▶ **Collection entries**
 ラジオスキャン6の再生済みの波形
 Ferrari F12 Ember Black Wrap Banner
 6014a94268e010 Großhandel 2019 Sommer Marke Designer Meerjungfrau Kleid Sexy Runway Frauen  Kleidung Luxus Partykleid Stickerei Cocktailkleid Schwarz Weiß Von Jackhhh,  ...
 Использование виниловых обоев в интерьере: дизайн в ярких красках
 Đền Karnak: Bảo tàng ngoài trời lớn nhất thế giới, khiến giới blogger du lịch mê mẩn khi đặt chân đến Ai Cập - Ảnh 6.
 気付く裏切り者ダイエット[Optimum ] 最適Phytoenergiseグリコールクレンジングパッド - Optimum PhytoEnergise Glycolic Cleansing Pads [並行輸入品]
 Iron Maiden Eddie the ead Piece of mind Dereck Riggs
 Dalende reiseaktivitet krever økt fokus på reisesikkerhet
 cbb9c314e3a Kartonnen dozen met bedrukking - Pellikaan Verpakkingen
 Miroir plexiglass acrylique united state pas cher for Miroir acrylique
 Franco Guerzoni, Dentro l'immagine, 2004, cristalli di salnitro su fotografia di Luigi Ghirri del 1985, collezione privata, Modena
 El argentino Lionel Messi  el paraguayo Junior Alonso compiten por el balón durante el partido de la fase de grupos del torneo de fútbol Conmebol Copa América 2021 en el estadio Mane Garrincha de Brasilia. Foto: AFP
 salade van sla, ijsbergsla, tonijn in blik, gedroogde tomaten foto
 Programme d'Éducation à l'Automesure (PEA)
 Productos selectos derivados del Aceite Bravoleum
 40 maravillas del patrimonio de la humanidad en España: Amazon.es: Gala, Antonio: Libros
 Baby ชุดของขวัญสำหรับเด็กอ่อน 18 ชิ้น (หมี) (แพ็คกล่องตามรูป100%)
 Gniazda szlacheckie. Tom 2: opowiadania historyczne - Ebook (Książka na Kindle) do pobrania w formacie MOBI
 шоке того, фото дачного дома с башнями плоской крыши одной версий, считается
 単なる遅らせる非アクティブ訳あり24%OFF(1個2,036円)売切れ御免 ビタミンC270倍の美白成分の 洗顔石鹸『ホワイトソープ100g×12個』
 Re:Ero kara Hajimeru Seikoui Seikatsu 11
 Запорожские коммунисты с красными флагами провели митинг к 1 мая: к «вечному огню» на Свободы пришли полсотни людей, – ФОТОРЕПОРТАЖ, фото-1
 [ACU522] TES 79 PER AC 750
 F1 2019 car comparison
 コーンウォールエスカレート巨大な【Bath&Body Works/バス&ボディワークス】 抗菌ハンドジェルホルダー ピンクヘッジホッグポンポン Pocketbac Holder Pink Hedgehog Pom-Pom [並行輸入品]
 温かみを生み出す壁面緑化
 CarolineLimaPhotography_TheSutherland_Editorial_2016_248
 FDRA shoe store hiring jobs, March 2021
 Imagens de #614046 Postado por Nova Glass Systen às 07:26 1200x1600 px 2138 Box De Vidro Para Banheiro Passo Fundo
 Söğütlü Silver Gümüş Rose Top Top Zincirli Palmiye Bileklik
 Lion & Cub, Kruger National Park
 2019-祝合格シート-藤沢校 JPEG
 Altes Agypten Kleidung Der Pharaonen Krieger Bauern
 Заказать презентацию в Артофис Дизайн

▶ **EXERCISE OBJECTIVE**
Your response must consist of the entries, reproduced exactly.

▶ **WRITTEN RESPONSE**
 ラジオスキャン6の再生済みの波形
 Ferrari F12 Ember Black Wrap Banner
 6014a94268e010 Großhandel 2019 Sommer Marke Designer Meerjungfrau Kleid Sexy Runway Frauen  Kleidung Luxus Partykleid Stickerei Cocktailkleid Schwarz Weiß Von Jackhhh,  ...
 Использование виниловых обоев в интерьере: дизайн в ярких красках
 Đền Karnak: Bảo tàng ngoài trời lớn nhất thế giới, khiến giới blogger du lịch mê mẩn khi đặt chân đến Ai Cập - Ảnh 6.
 気付く裏切り者ダイエット[Optimum ] 最適Phytoenergiseグリコールクレンジングパッド - Optimum PhytoEnergise Glycolic Cleansing Pads [並行輸入品]
 Iron Maiden Eddie the ead Piece of mind Dereck Riggs
 Dalende reiseaktivitet krever økt fokus på reisesikkerhet
 cbb9c314e3a Kartonnen dozen met bedrukking - Pellikaan Verpakkingen
 Miroir plexiglass acrylique united state pas cher for Miroir acrylique
 Franco Guerzoni, Dentro l'immagine, 2004, cristalli di salnitro su fotografia di Luigi Ghirri del 1985, collezione privata, Modena
 El argentino Lionel Messi  el paraguayo Junior Alonso compiten por el balón durante el partido de la fase de grupos del torneo de fútbol Conmebol Copa América 2021 en el estadio Mane Garrincha de Brasilia. Foto: AFP
 salade van sla, ijsbergsla, tonijn in blik, gedroogde tomaten foto
 Programme d'Éducation à l'Automesure (PEA)
 Productos selectos derivados del Aceite Bravoleum
 40 maravillas del patrimonio de la humanidad en España: Amazon.es: Gala, Antonio: Libros
 Baby ชุดของขวัญสำหรับเด็กอ่อน 18 ชิ้น (หมี) (แพ็คกล่องตามรูป100%)
 Gniazda szlacheckie. Tom 2: opowiadania historyczne - Ebook (Książka na Kindle) do pobrania w formacie MOBI
 шоке того, фото дачного дома с башнями плоской крыши одной версий, считается
 単なる遅らせる非アクティブ訳あり24%OFF(1個2,036円)売切れ御免 ビタミンC270倍の美白成分の 洗顔石鹸『ホワイトソープ100g×12個』
 Re:Ero kara Hajimeru Seikoui Seikatsu 11
 Запорожские коммунисты с красными флагами провели митинг к 1 мая: к «вечному огню» на Свободы пришли полсотни людей, – ФОТОРЕПОРТАЖ, фото-1
 [ACU522] TES 79 PER AC 750
 F1 2019 car comparison
 コーンウォールエスカレート巨大な【Bath&Body Works/バス&ボディワークス】 抗菌ハンドジェルホルダー ピンクヘッジホッグポンポン Pocketbac Holder Pink Hedgehog Pom-Pom [並行輸入品]
 温かみを生み出す壁面緑化
 CarolineLimaPhotography_TheSutherland_Editorial_2016_248
 FDRA shoe store hiring jobs, March 2021
 Imagens de #614046 Postado por Nova Glass Systen às 07:26 1200x1600 px 2138 Box De Vidro Para Banheiro Passo Fundo
 Söğütlü Silver Gümüş Rose Top Top Zincirli Palmiye Bileklik
 Lion & Cub, Kruger National Park
 2019-祝合格シート-藤沢校 JPEG
 Altes Agypten Kleidung Der Pharaonen Krieger Bauern
 Заказать презентацию в Артофис Дизайн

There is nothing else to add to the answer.